You have changed the direction the hovercraft is facing, but the inertia of the hovercraft keeps it traveling in the original direction. Remember Newton’s First Law of Motion? We need a force to change the direction in which the hovercraft is moving. Now that you’re moving nearly sideways, you have a convenient force to do just that – the thrust system of your hovercraft! This is where the other component of the new momentum comes in. It’s really the same principle as the thrust in a straight line, just that now the thrust is not in line with the motion. When a car turns on the road, the tires on the ground experience a lot of friction, which keeps them from moving in a direction other than the direction they are facing. This is why you can steer a car and it will follow the course of the wheels. If the car is driving on ice, however, the coefficient of friction is much smaller, so there is very little friction to bind the car to its course. The same thing happens on a hovercraft, because no component touches the ground with enough force to “grip” the ground. Instead, the hovercraft must provide the force that would have come from friction by pointing the hovercraft into the turn. When this happens, a component of the thrust force is directed toward the center of the turn. A force toward the center of a turn, whether it is caused by the friction from a car's tires, a string keeping a ball from flying off, gravity between the earth and the sun, or the thrust from a turning hovercraft, is called a centripetal force. As you might expect, the centripetal force causes what is called a centripetal acceleration. The object accelerates in the direction of the center of the circle but, since it is also moving in a certain direction, it continually overshoots the center, which is why it moves in a circle (or ellipse).
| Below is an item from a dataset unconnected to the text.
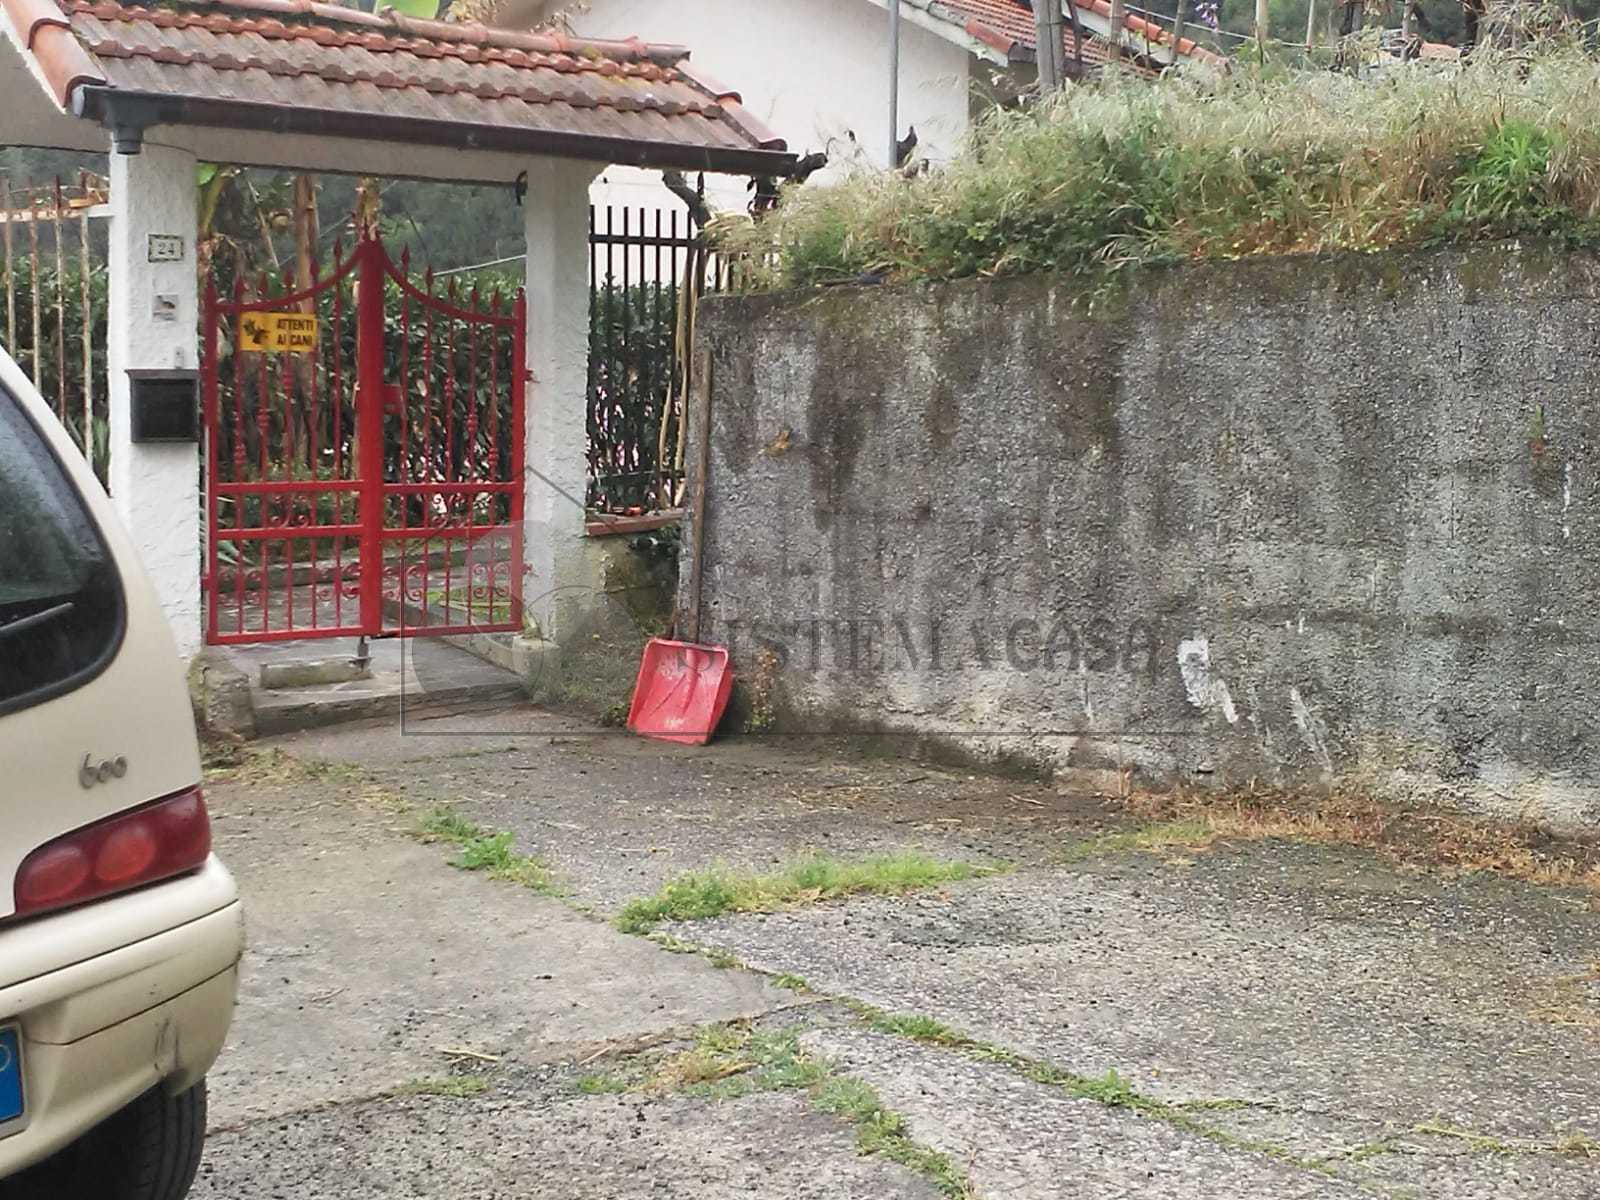 Vendita Indipendente Singola a Follo, Carnea (SP) - F248

The centripetal acceleration depends on the square of the velocity of the object in the direction perpendicular to the line from the center of the circle to the object, the tangential velocity, and the radius of the circle. The centripetal force is the centripetal acceleration times the mass of the object.

a_c = v_t²/r
Centripetal Acceleration = (Tangential Velocity)² / Radius
F_c = m a_c
F_c = m v²/r

Example 2:
You are in a hovercraft of mass 90 kg [6.17 slugs] operating on hard flat ice on a calm day with air density of 1.204 kg/m³[0.00234 slugs/ft³]at 3.3 m/s [10.8 ft/s]. You are facing east, but the hovercraft is traveling sideways on the ice and its direction of movement is due north. If your propeller moves air at 0.1 m³/s [3.53 ft³/s] and the velocity of the air is 95 m/s [311.7 ft/s], how long will it take to change the hovercraft’s direction of movement to due east, if you keep the angle relative to the direction of travel at 90°? What will be the radius of the turn?

Solution:
For this question, we can use the equation for the centripetal force to get the radius of the turn. To do this, we need the centripetal force, the velocity, and the mass. We know the velocity and mass, so we have to find the force. Since the hovercraft is pointed toward the center of the turn, all of the thrust goes to the centripetal force, so that is what we need to find. For this, we use the form of the thrust equation that works with the mass flow rate and the change in the velocity of the air.

F=[MFR × v]_e−[MFR × v]₀
Thrust Force = (Mass Flow Rate × Velocity) of exiting air − (Mass Flow Rate × Velocity) of entering air

We know the velocity of the exiting air and, since the hovercraft is moving sideways, the air on the intake side of the propeller is moving sideways to it, meaning that the component flowing directly into it is nearly zero. To get the mass flow rate, we simply multiply the volume flow rate by the density of the air.

MFR = VFR × Density
MFR = 0.1 m³/s [3.53 ft³/s] × 1.204 kg/m³[0.00234 slugs/ft³]
MFR = 0.1204 kg/s [8.26×10⁻³ slugs/s]

Now we can plug the values into the thrust equation. The mass flow rate on both sides of the propeller has to be the same, otherwise, the propeller would have to make air magically appear or vanish!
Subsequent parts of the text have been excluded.